Mr. Tong continued, “Innovative practices are proven to maximise the effectiveness of acquisition strategies. Such measures are also likely to reveal previously hidden opportunities for performance enhancement and drive value creation. Ultimately, innovation is the engine that empowers far-sighted organisations to transform brilliant ideas into sizeable returns.”

Secondary buyout exit strategy favoured as market volatility hinders IPOs

Trade sales were ranked the top PE exit strategy from 2012 to 2016 and accounted for over 50% of all exits during that period. However, the secondary buyout exit strategy has picked up across Asia and around the world in 2016, and is likely to continue its upward trend in 2017 as more traditional strategies, such as IPOs, has become less attractive due to public market volatility and stricter regulatory measures.

Mr. Tong said, “High purchase price multiples, growing global political and economic uncertainties and intensified competition from sovereign funds and insurance companies have caused PE-backed deal volumes to decline globally. The lack of worthwhile deals is also the main reason why excessive capital, or ‘dry powder’, has been kept by the PE funds in the market.”

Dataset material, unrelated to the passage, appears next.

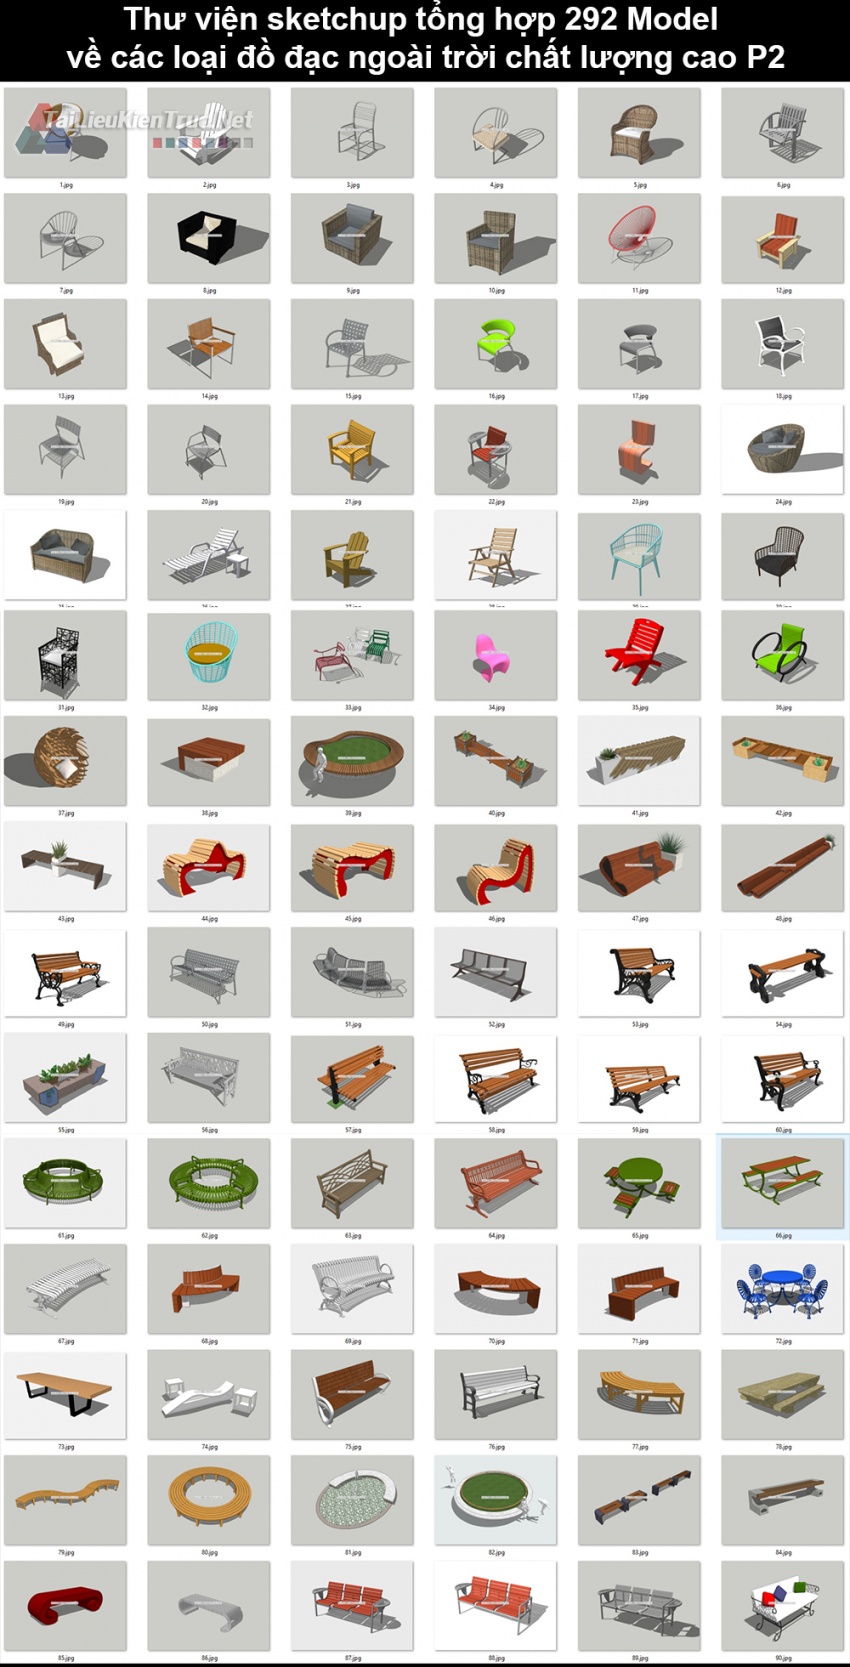 Thư viện Sketchup tổng hợp 292 Model về các loại đồ đạc ngoài trời chất lượng cao P2

Mr. Tong concludes with his view on the prospect of the PE sector, “Despite such an uncertain and challenging macro-environment, the outlook for Asia’s PE market remains cautiously optimistic. Ideally placed to benefit from the ‘Belt and Road’ related infrastructure opportunities, we foresee that investors looking to absorb external capital for their projects will continue to converge in Hong Kong in large numbers. We are also confident that emerging markets in Asia have great potential for growth, especially in the TMT and environmental sectors. The commencement of the Shenzhen-Hong Kong Stock Connect in late 2016 has inevitably enhanced Hong Kong’s position as a global offshore Renminbi business hub. Moreover, encouraging progress by the Mutual Recognition of Funds arrangement between Hong Kong and mainland China will also expand the distribution network of Hong Kong’s fund industry and pave the way for the territory’s emergence as a fully-fledged fund-service centre. Although 2017 might be a challenging year, we believe that Hong Kong and mainland-based PE firms are well-positioned to seize opportunities amidst uncertainty and generate favourable returns.”